“易初,我累,我们早些休息可好?”阮卿言放下经文,极其慵懒的说道,见她今天一反常态的样子,易初点点头从椅子上起来,准备去沐浴。好不容易应付完诵读经文的事,阮卿言急忙回了房间,才刚上床,她便脱去了所有衣服,软而无力的趴伏在床上。
她好难受,身体就像是要裂开了一样,酸疼又无力。看了眼在一旁的锦被,阮卿言咬了咬下唇,伸手把锦被搂住,【不可说】张开夹紧,在上面一点点【不可说】起来。她觉得身体变得不再是自己的,而是成了另一个陌生的自己在操控,分明知道易初随时都会回来,自己这副模样不能被她看到,可【咳咳】还是一次又一次的扭动起来。
“啊…好难受…帮帮我…尼姑帮帮我…”阮卿言无助的轻喊着,忽的,她觉得身体有什么地方在发抖,紧接着全身都颤抖起来。阮卿言不明方才那种极其舒服的感觉是怎么了,只知道身体在经过那一次之后,变得没那么热了。
此刻她全身无力,没什么法力再施展法术清理这狼藉的床铺,阮卿言趴伏在那,【不可描述】的将床单变得【极其不可描述】。她努力的想遮掩住,可易初这时候已经走了进来。她见阮卿言又不穿衣服躺在那,虽然已经习惯了,却还是觉得于理不合。
“蛇妖,我知你不习惯着衣,可若是人身,最好还是遮蔽一下为好。若你不愿穿衣服,就变成蛇身。”易初低声说道,阮卿言抬头看她一眼,虽然她现在对易初满是怨念,却还是变成了蛇。至少蛇身不太容易消耗体力,也不会那般难受。
只是阮卿言忘了,她方才做的事还没处理,若人身还能挡着,可变成了蛇…那床上的潮湿便都落入了易初的眼里。她看着棉被和床单上的水迹,易初不明白这是何物。想都没想便伸手摸上去,竟发现这水还有些黏黏的。
蛇身的阮卿言在一旁心惊胆战的看着易初的动作,生怕对方猜出自己方才做了什么。易初早就与她说过,不得再提交佩之事,否则还要把自己关起来,这也正是阮卿言这么难受却始终忍着不说的原因。这会若是让易初知道自己借她的棉被去火,指不定又会罚自己。
“蛇妖,这可是你弄的?”易初用一旁的纸巾擦了擦手,看着床上的水迹,看向蛇身的阮卿言。被她这么一问,阮卿言急忙把身子盘成一小团,不停的摇着蛇头,示意不是她弄的。可这副无辜的样子在易初看来,就是变相的确定。
易初不解的看着床上那一滩水迹,她不懂这水迹是从何而来,既是水,为何又有些发滑发黏?想了许久,易初忽然看向阮卿言,视线落在她吐出的信子上。被易初这么一盯,阮卿言吓得小腹抽搐了几下。她怀疑是不是易初知道了什么,不停的把蛇身朝身后的枕头埋去,最后竟是只有蛇头留在了外面。

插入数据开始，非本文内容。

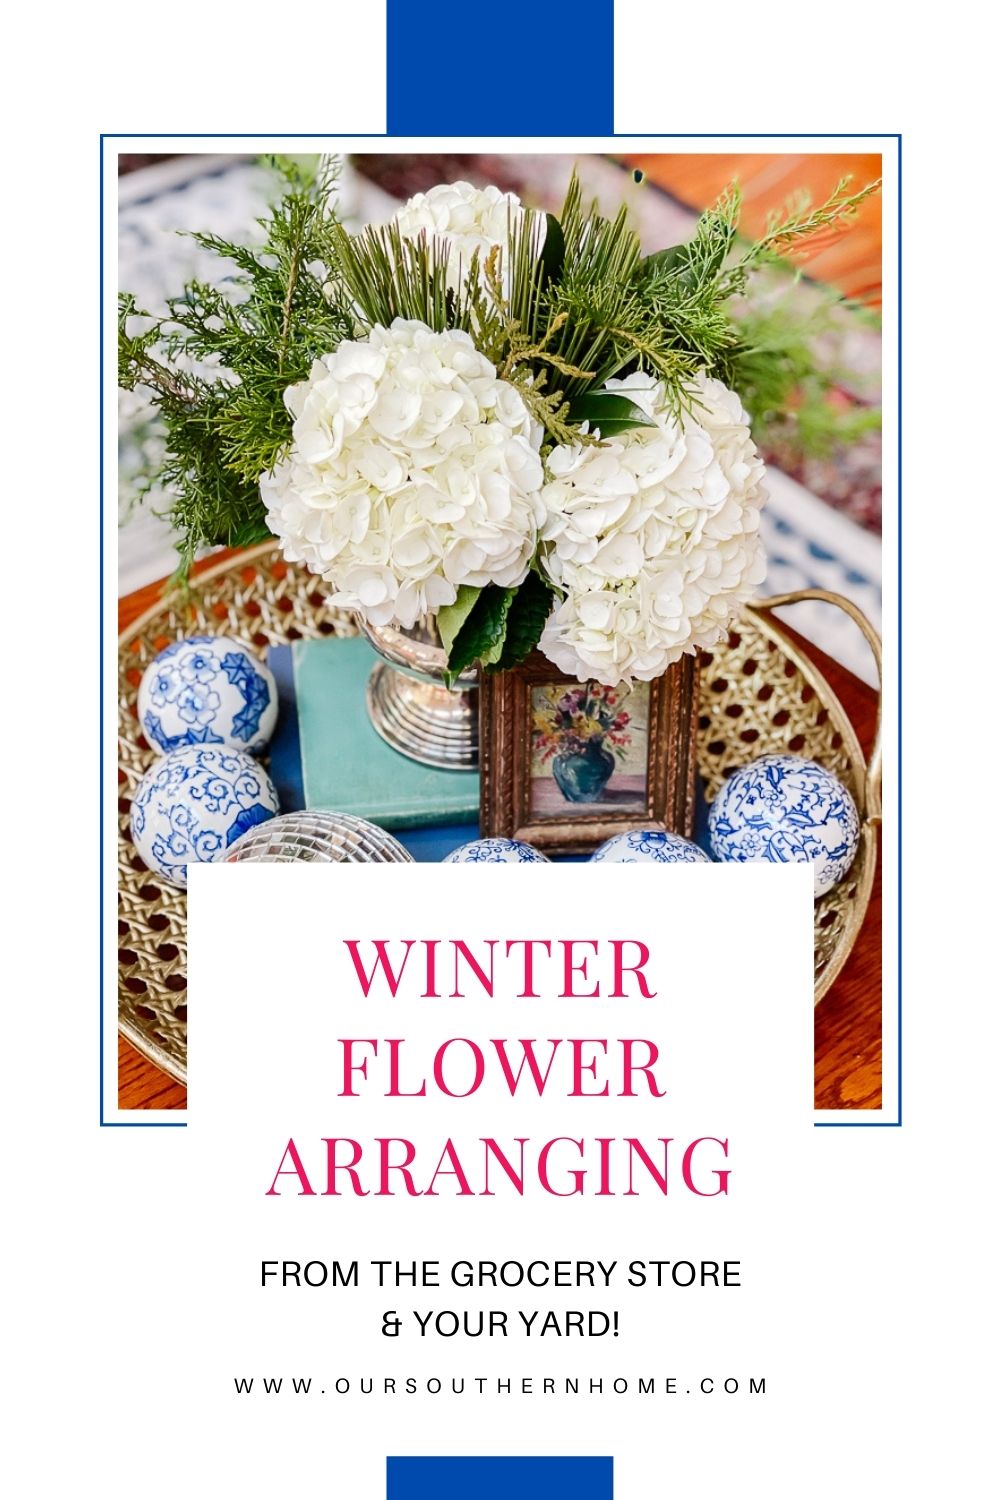 winter flower arranging with blue and white accents

看她那心虚的样子,易初更加笃定是阮卿言弄的这些水。可是自己分明已经给了蛇妖许多吃食,她为何还会流如此多的口水?莫不是又饿着她了?
作者有话要说: 大家晚上好,八点黄金档又来了,其实,写这张的时候,我的内心是...雀跃的,因为夏天到了嘛,夏天是干啥的季节?除了果奔,还有玩水啊,于是,小蛇就在这张,华丽丽的开始玩水了,大家不要说错字太多,那些←这个符号里面的,都是防止河蟹不得以弄的,请大家自动补脑括号里的就好,因为不影响正文,所以我也没走飙车盘。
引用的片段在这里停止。